The ratios between the pore pressures and the cohesive shear strength, in the case of hyperbaric rock cutting, can be found according to:

$\ \begin{array}{left}\mathrm{r=\frac{a \cdot h_{b}}{c \cdot h_{i}}, r_{1}=\frac{p_{1 m} \cdot h_{i}}{c \cdot h_{i}}\text{ or }r_{1}=\frac{\rho_{w} \cdot g \cdot(z+10) \cdot h_{i}}{c \cdot h_{i}}}\\ \mathrm{r_{2}=\frac{p_{2 m} \cdot h_{b}}{c \cdot h_{i}}\text{ or }r_{2}=\frac{\rho_{w} \cdot g \cdot(z+10) \cdot h_{b}}{c \cdot h_{i}}}\end{array}\tag{3-45}$

Equation (3-46) can be derived for the occurrence of tensile failure under hyperbaric conditions. Under hyperbaric conditions equation (3-46) will almost always be true, because of the terms with r1 and r2 which may become very big (positive). So tensile failure will not be considered for hyperbaric conditions.

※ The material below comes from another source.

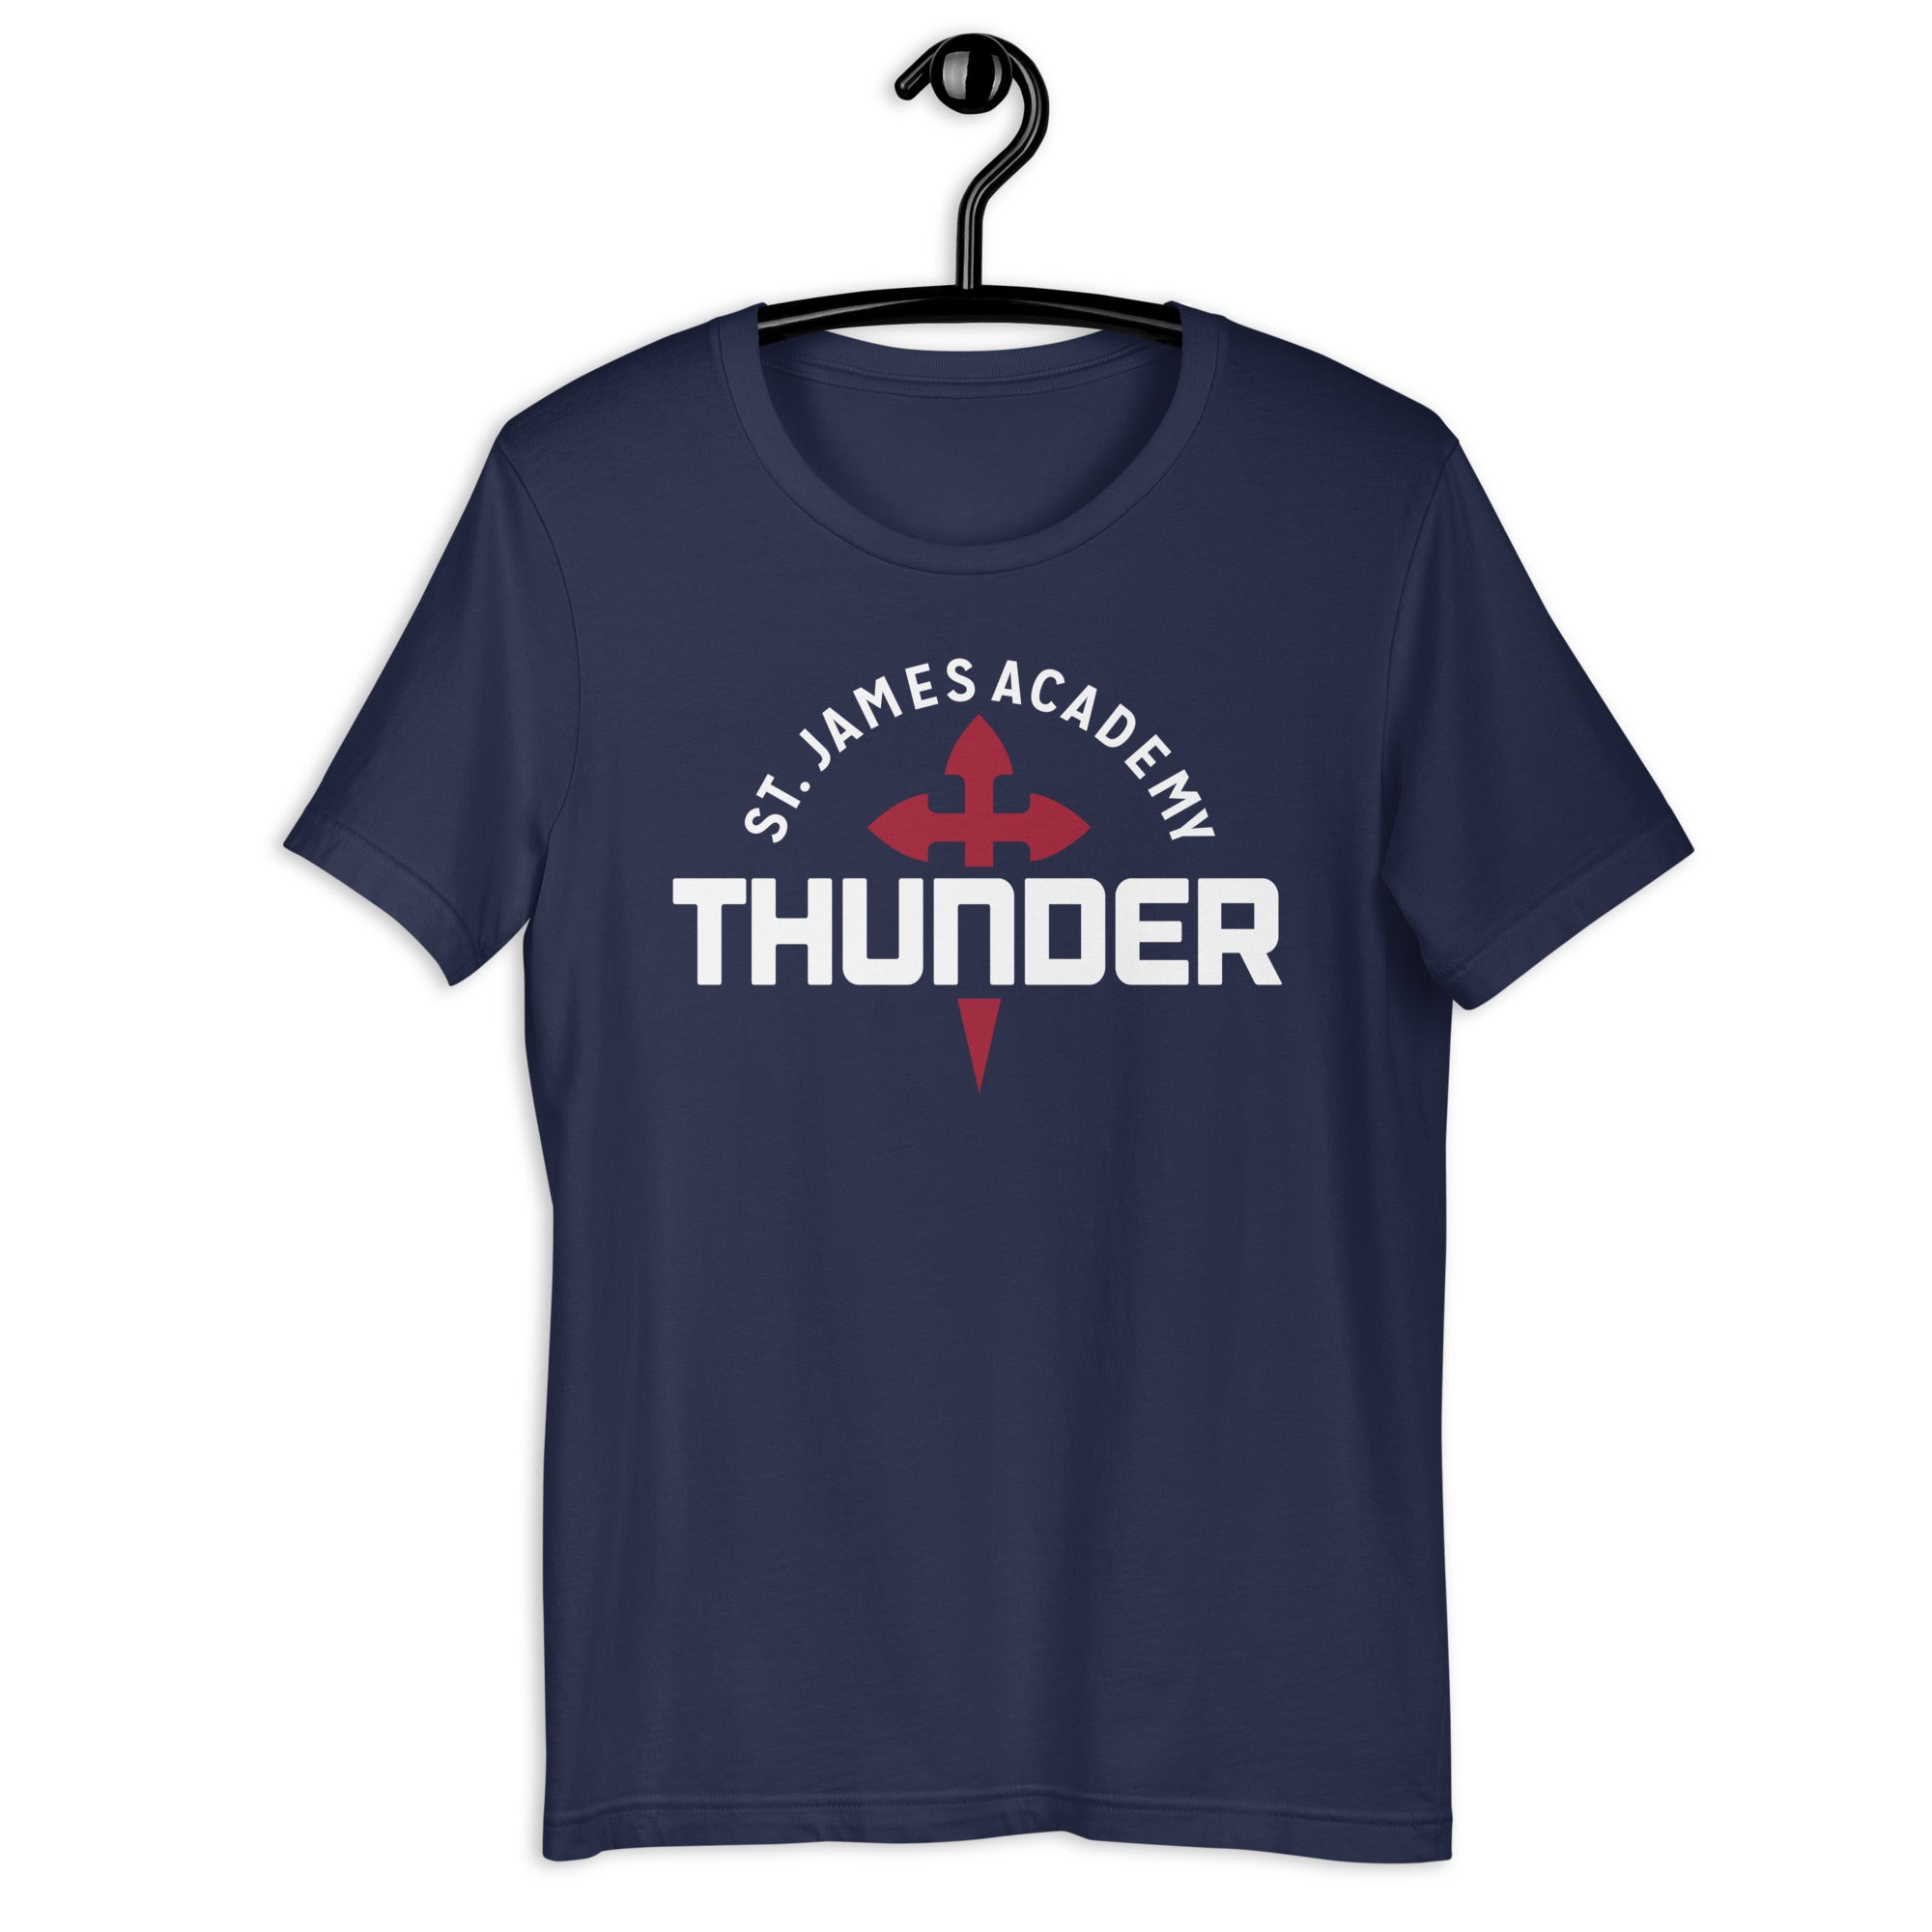 St. James Academy Thunder unisex soft t-shirt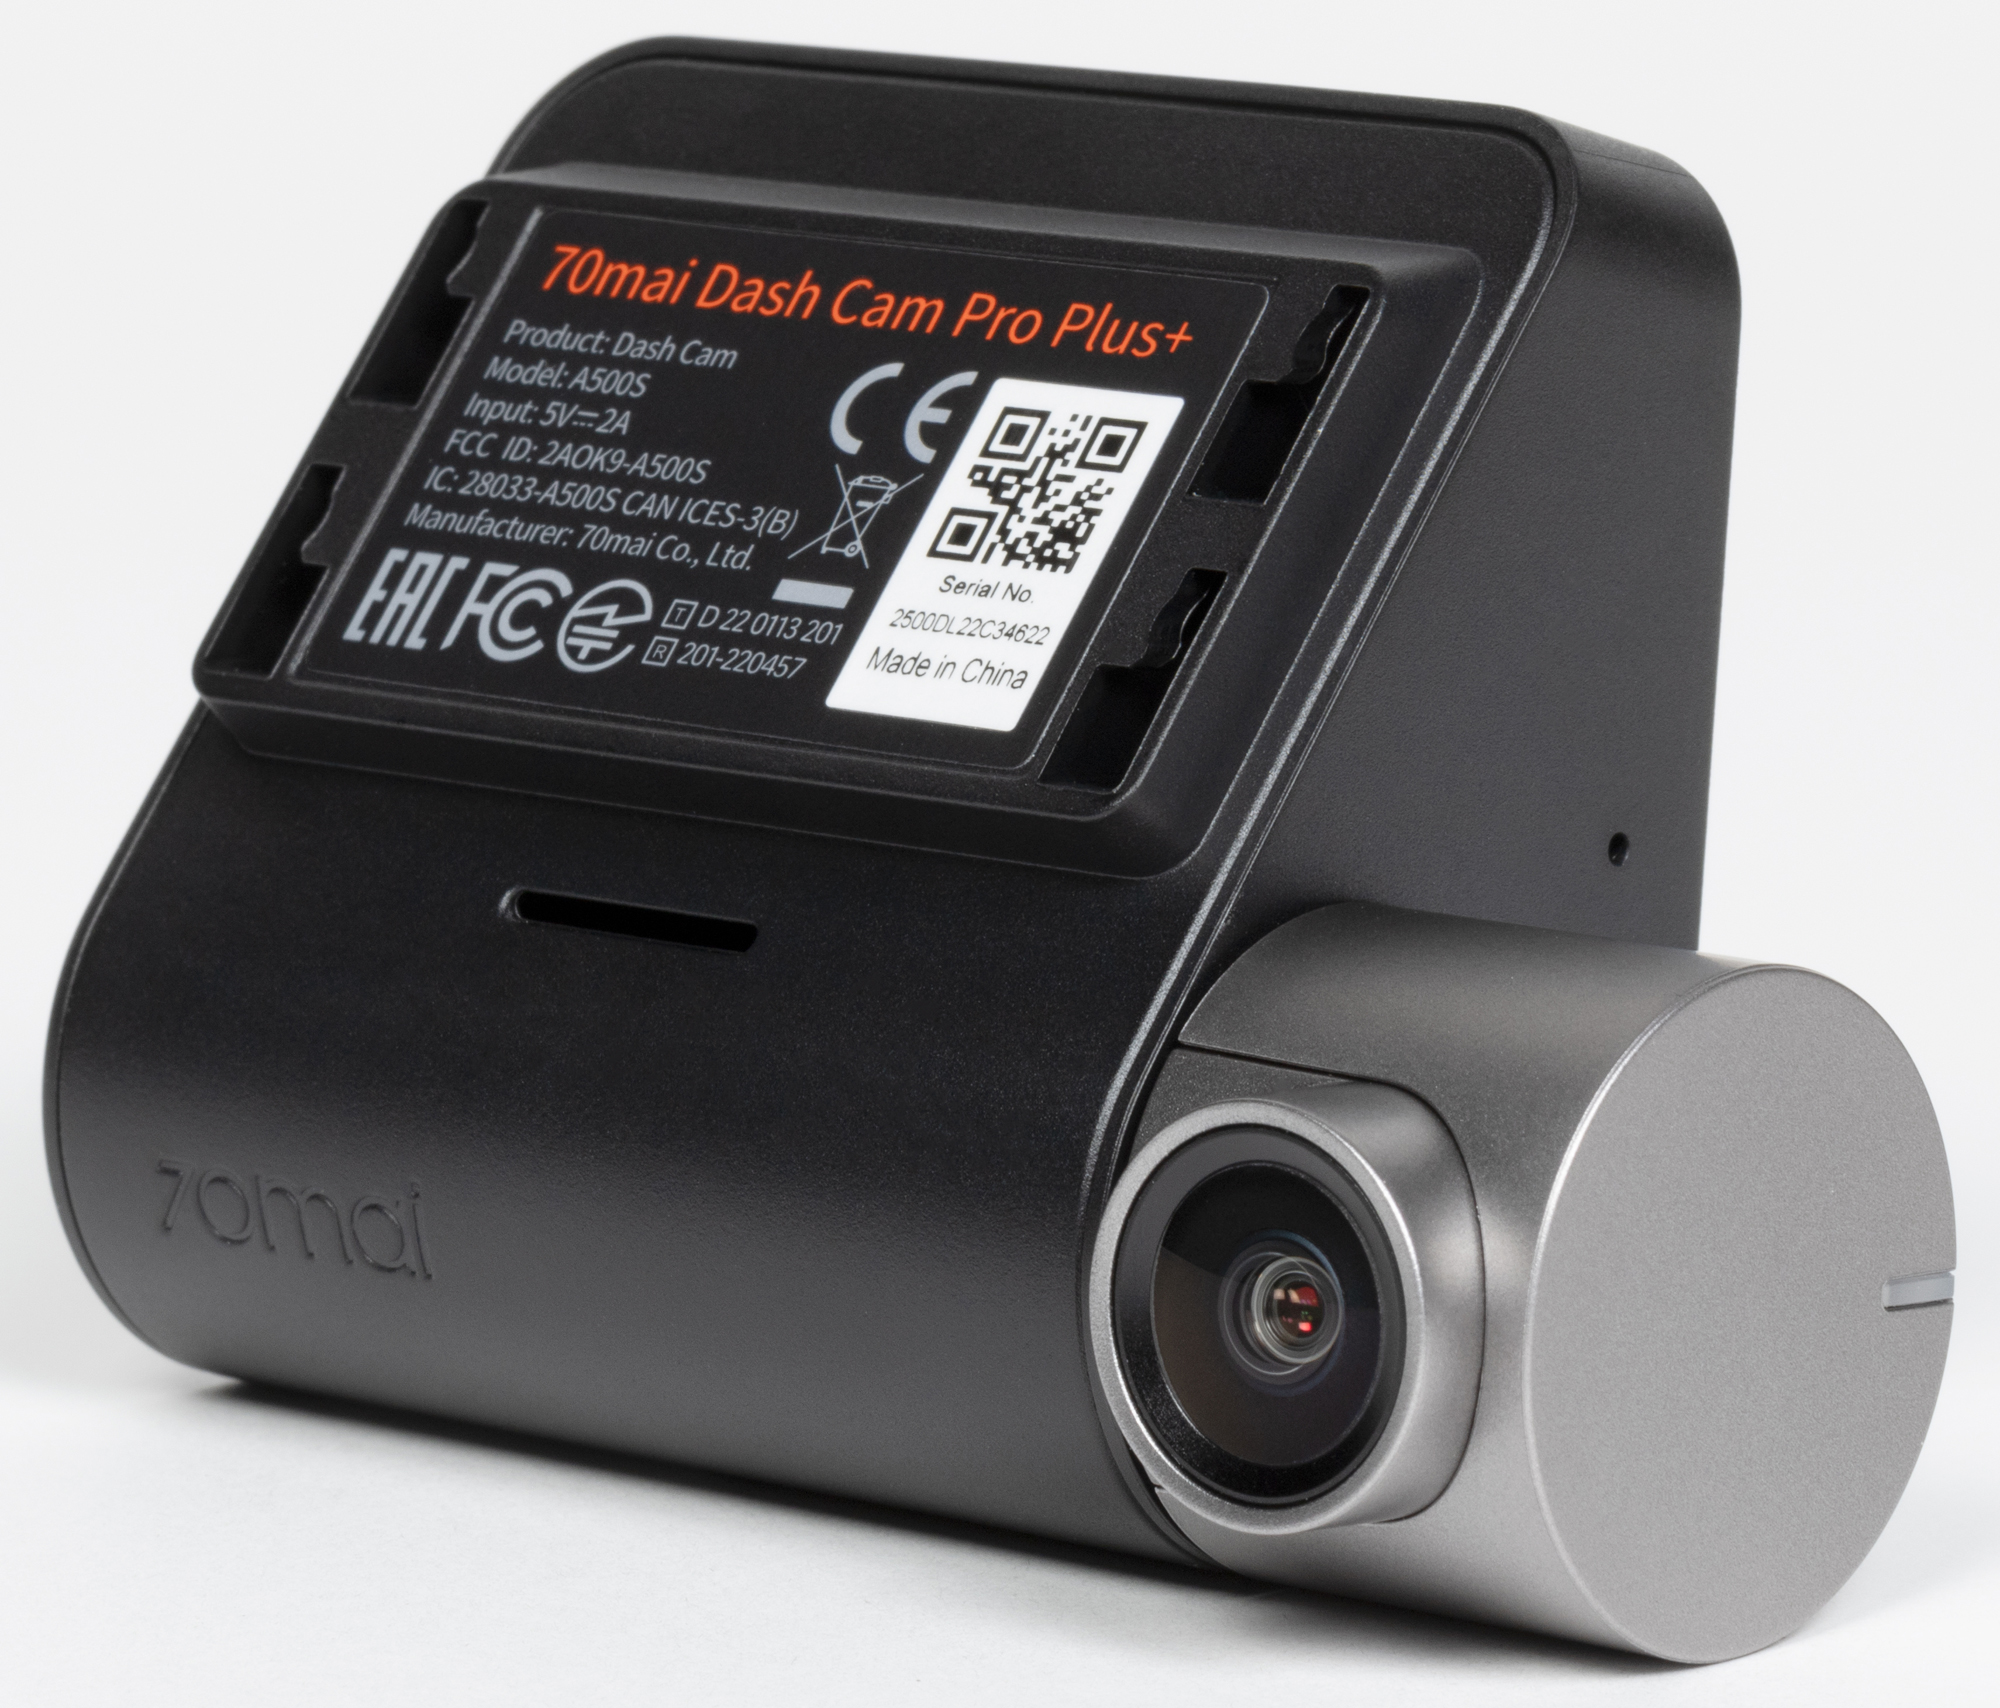 Регистратор 70mai pro. Комплектация видеорегистратора a500s Dash cam Pro Plus+. Как разобрать видеорегистратор. Видеорегистратор в разборе.

$\ \mathrm{c}\cdot \left(\begin{array}{left}\mathrm{r\cdot\frac{sin(\beta)\cdot cos(\delta)}{sin(\alpha)}+r_2 \cdot \frac{sin(\beta)\cdot sin(\delta)}{sin(\alpha)}+r_1 \cdot sin(\alpha + \beta+\delta)}\\ + \mathrm{\frac{-cos(\alpha + \beta + \delta)-sin(\alpha + \beta +\delta+\varphi)}{sin(\alpha+\beta+\delta+\varphi)}} \end{array} \right)\cdot \mathrm{\left(\frac{1-sin(\varphi)}{cos(\varphi)} \right)>\sigma_T }\tag{3-46}$

Analyzing equations (3-44) and (3-46) gives the following conclusions:

1. The first term of equations (3-44) and (3-46) is always positive.

2. If the sum of α+β+δ>π/2, in the second term of equation (3-44) and the fourth term of equation (3-46), these terms are positive, which will be the case for normal cutting angles.

3. The second and third terms of equation (3-46) are always positive.

4. The last term in equations (3-44) and (3-46) is always negative.

5. Equation (3-44) may become negative and fulfill the condition for the Tear Type.

6. Equation (3-46) will never become negative under normal conditions, so under hyperbaric conditions the Tear Type will never occur.

7. The Tear Type may occur with clay and rock under atmospheric conditions.